BEGIN GIVEN DATA

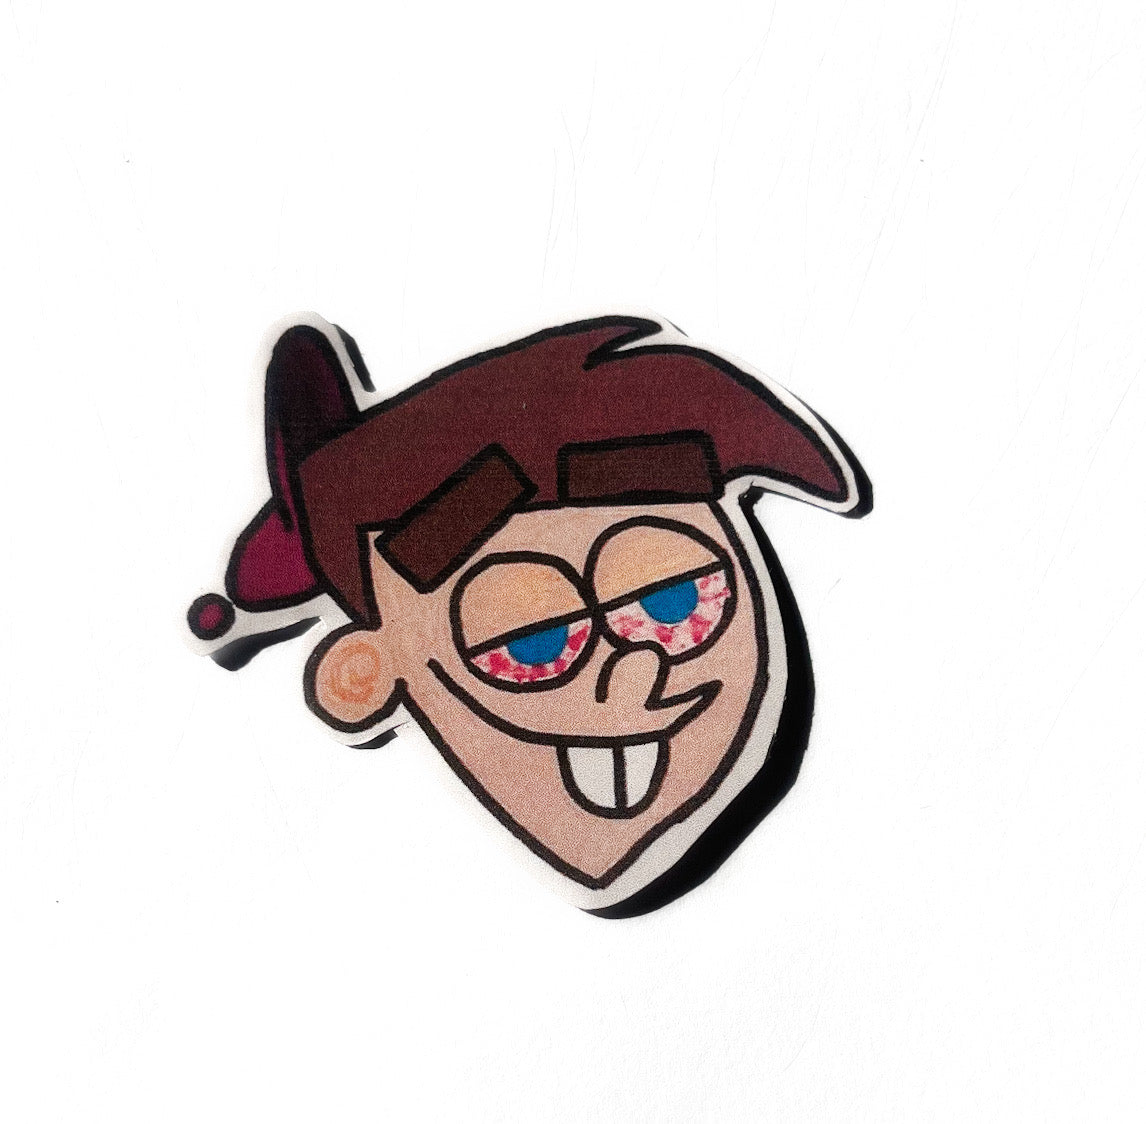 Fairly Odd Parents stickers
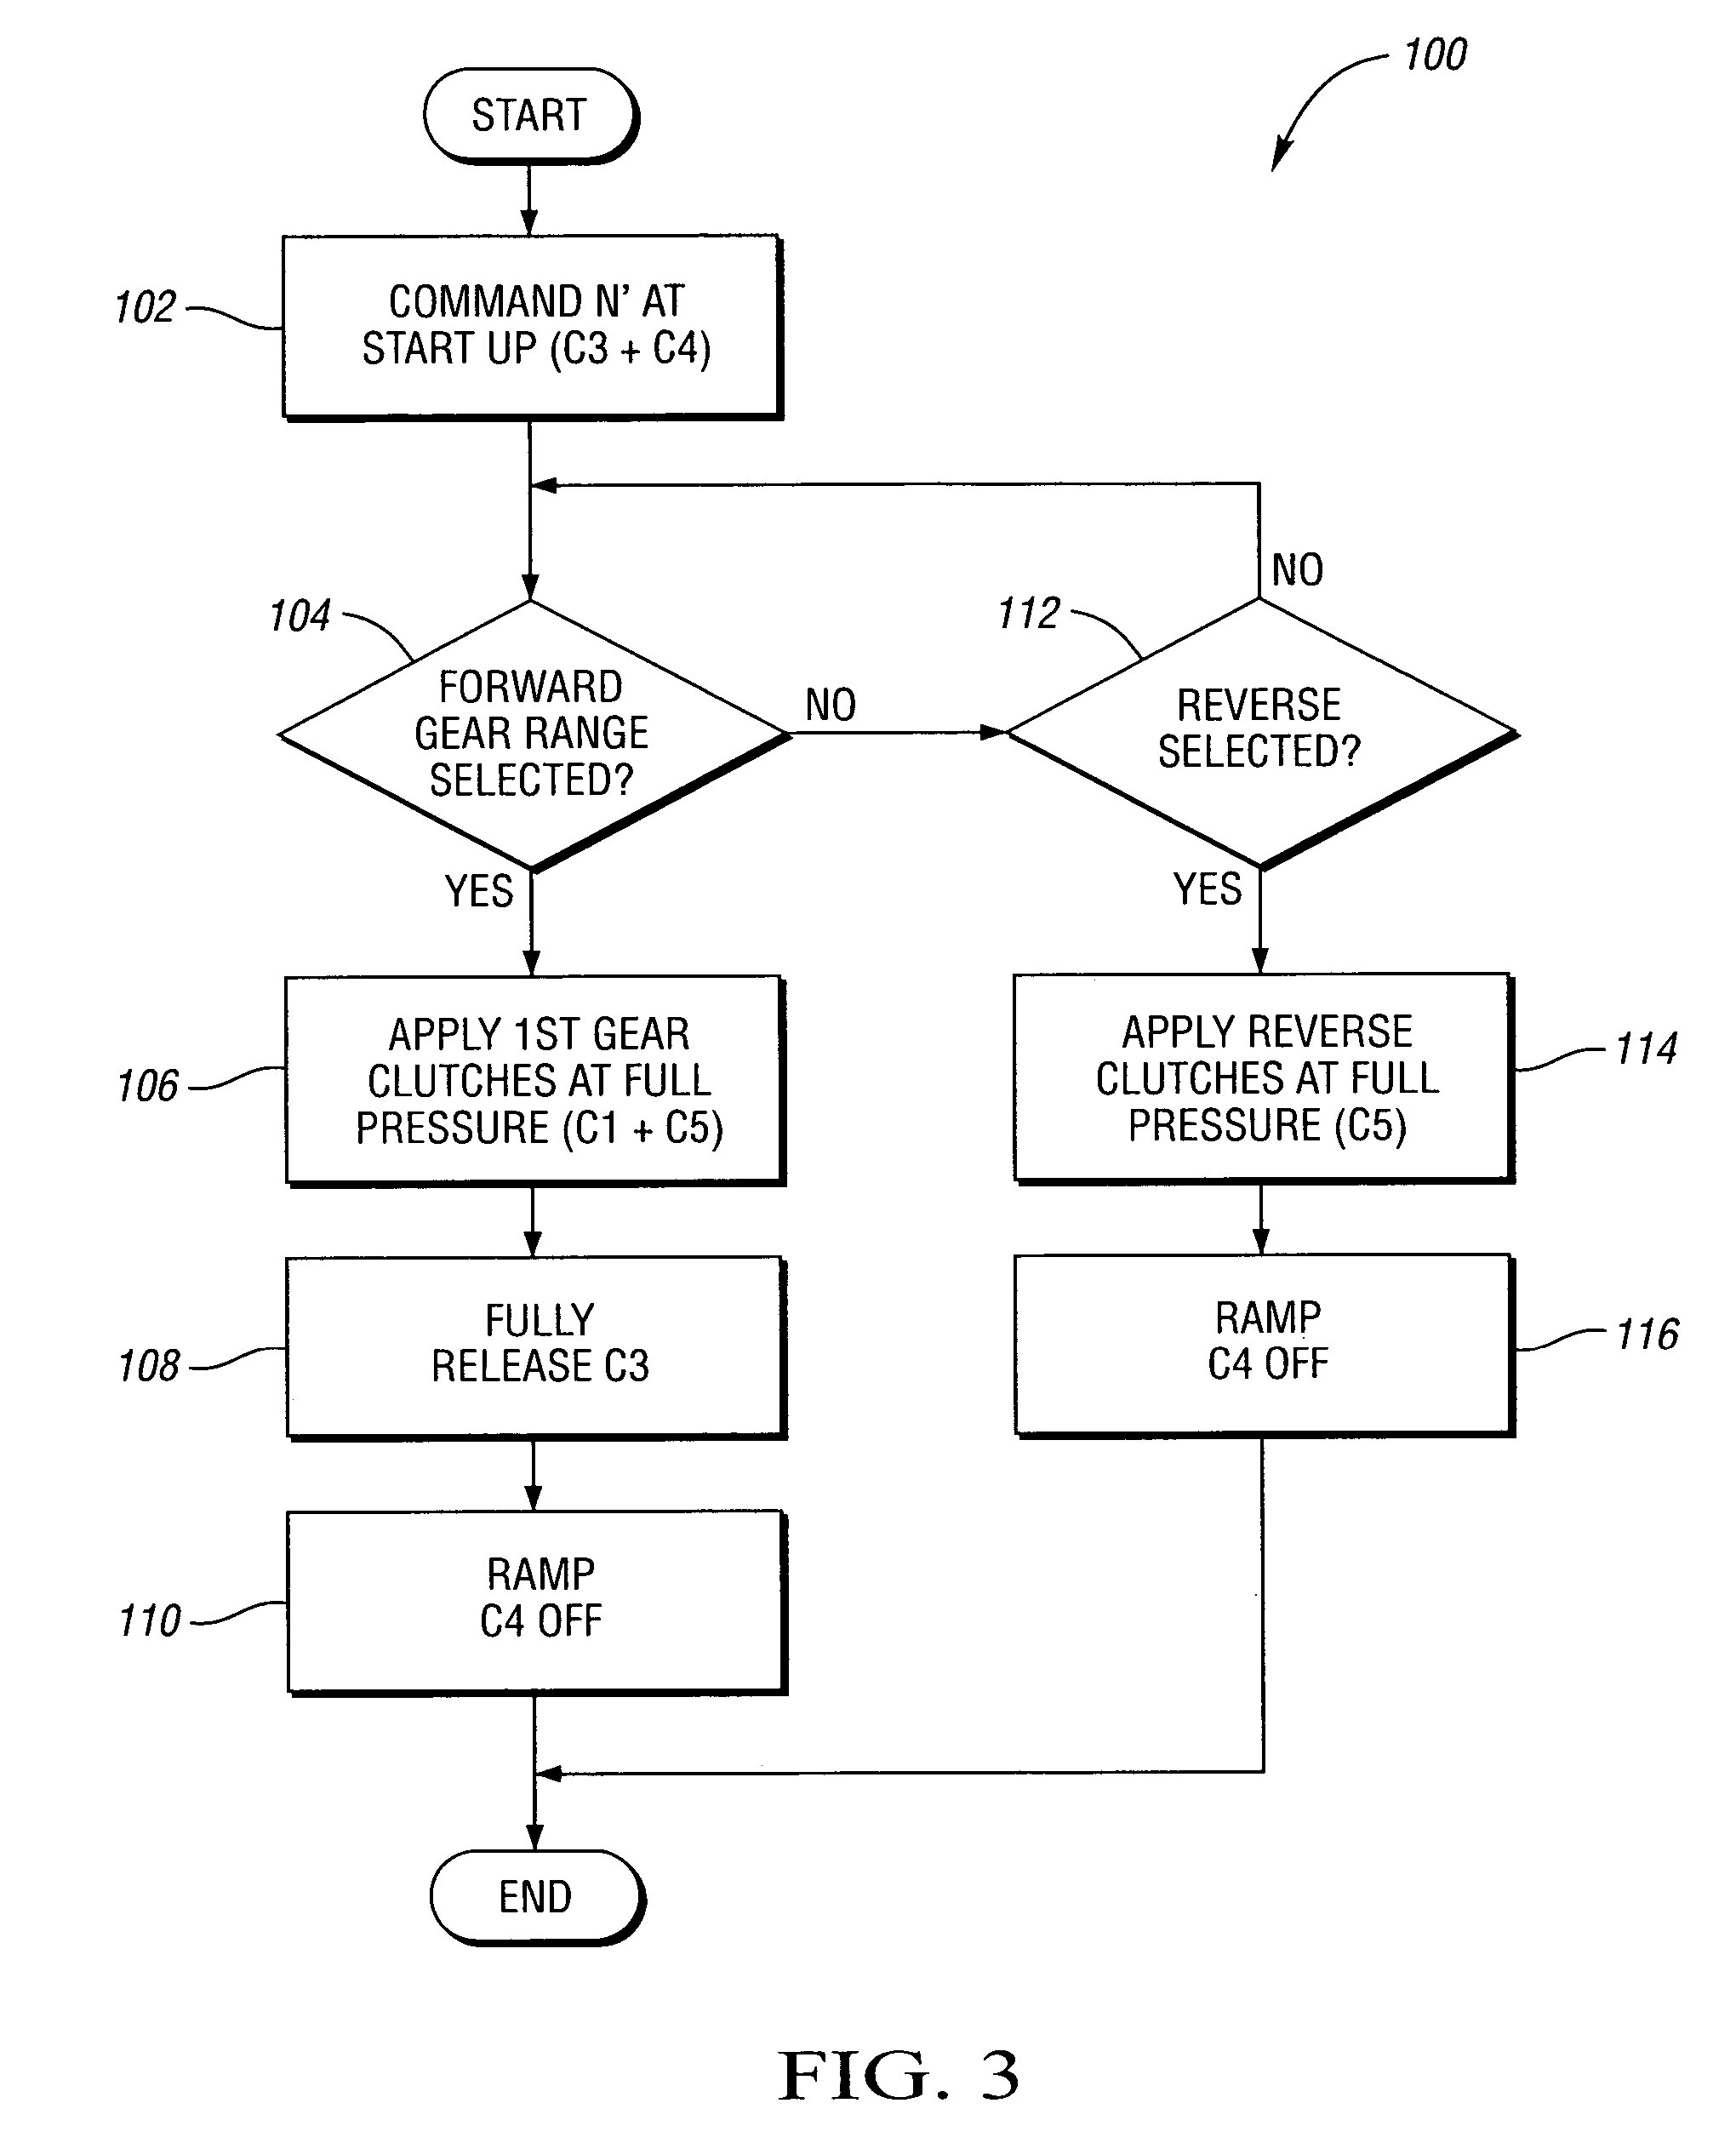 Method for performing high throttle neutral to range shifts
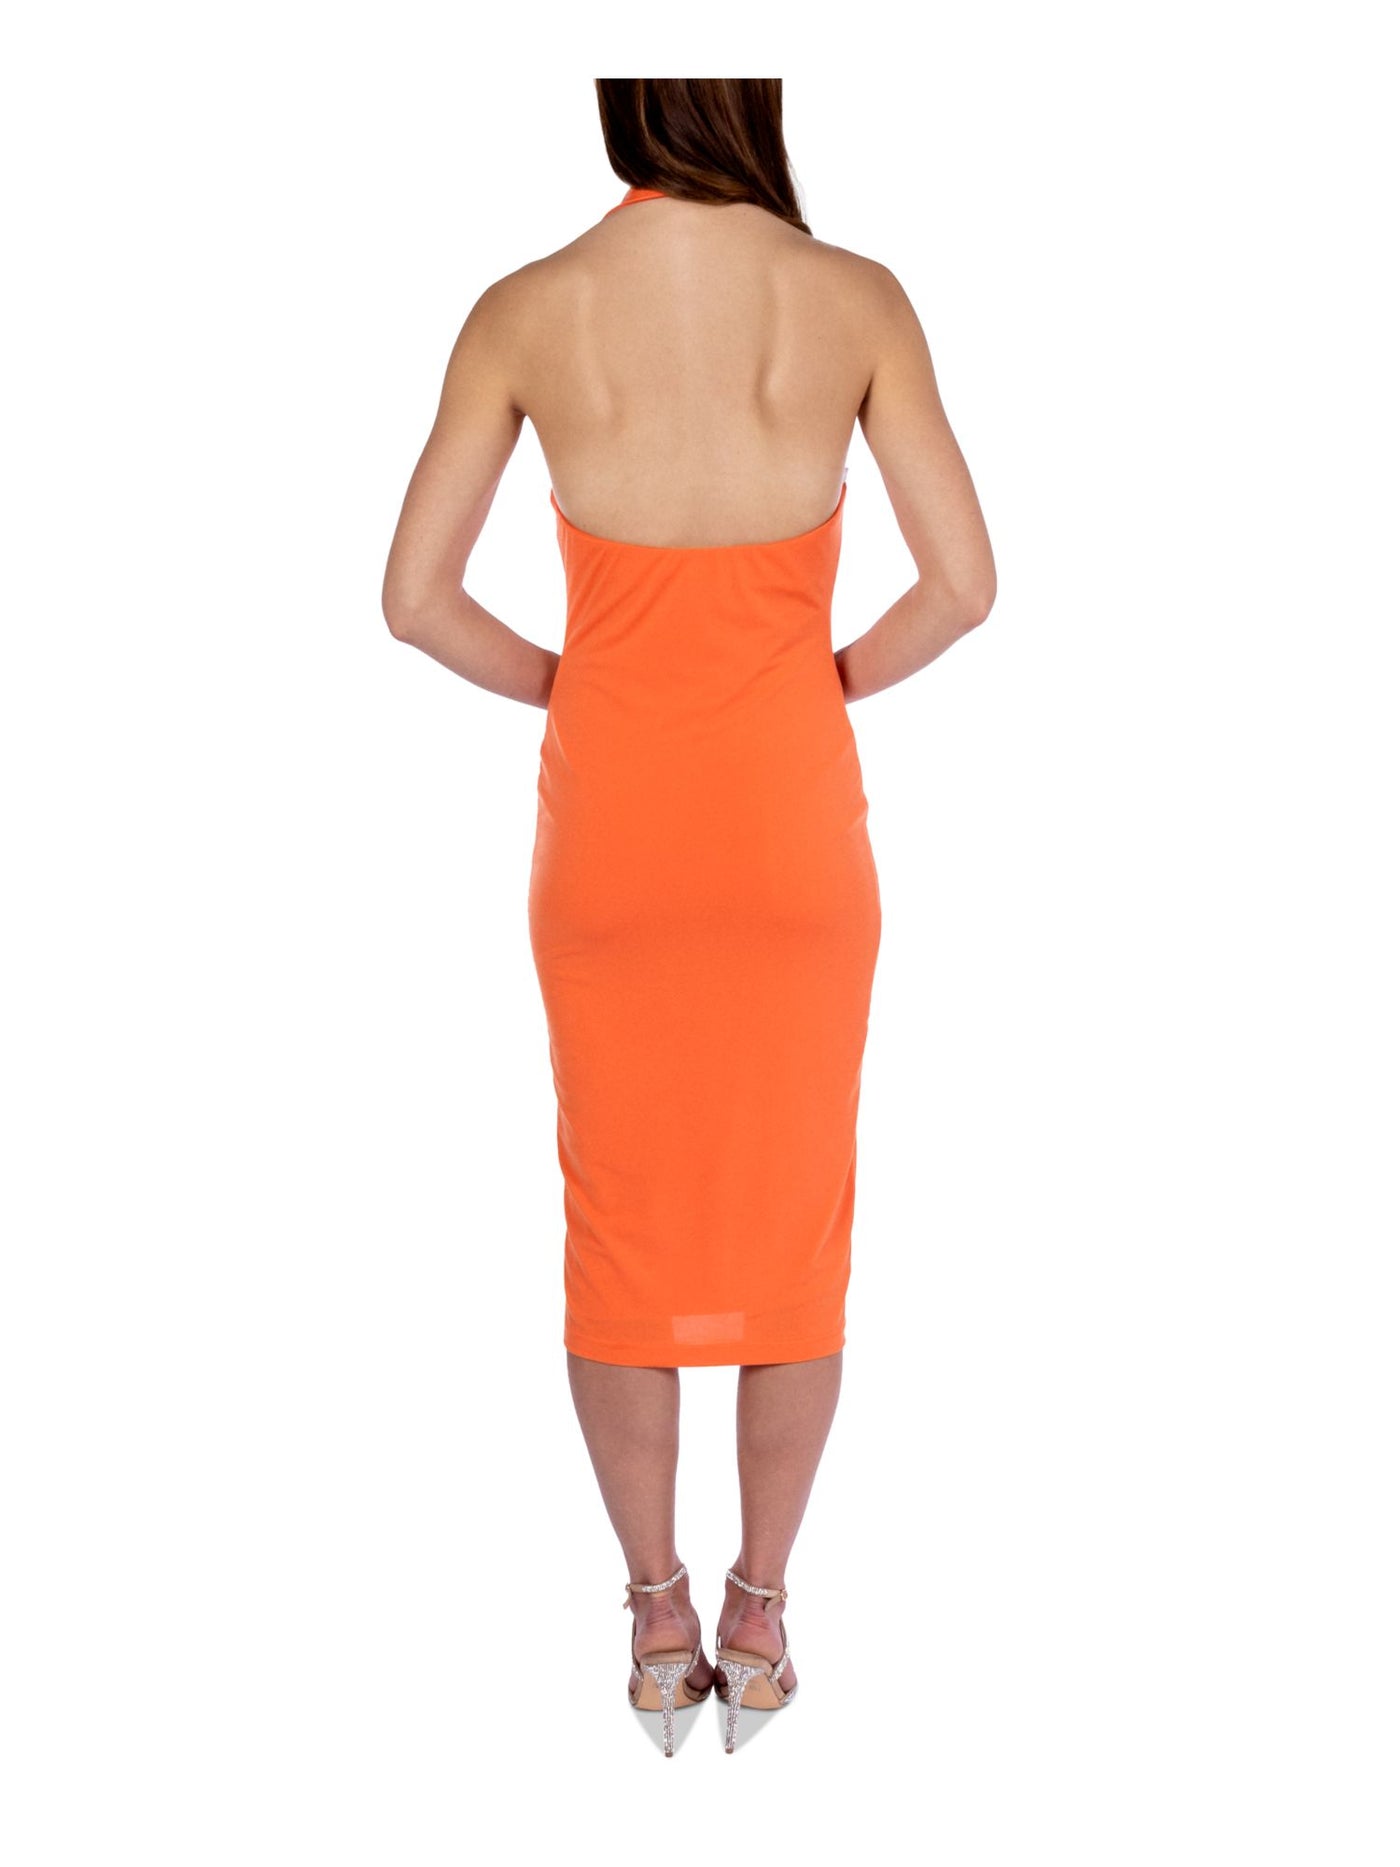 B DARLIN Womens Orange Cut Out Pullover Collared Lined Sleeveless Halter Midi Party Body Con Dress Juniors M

END GIVEN DATA

**WHAT YOU ARE ASKED TO DO**
The material should be duplicated word for word, with no images included.

**WRITTEN REPLY**
 Fairly Odd Parents stickers
 Method for performing high throttle neutral to range shifts
 B DARLIN Womens Orange Cut Out Pullover Collared Lined Sleeveless Halter Midi Party Body Con Dress Juniors M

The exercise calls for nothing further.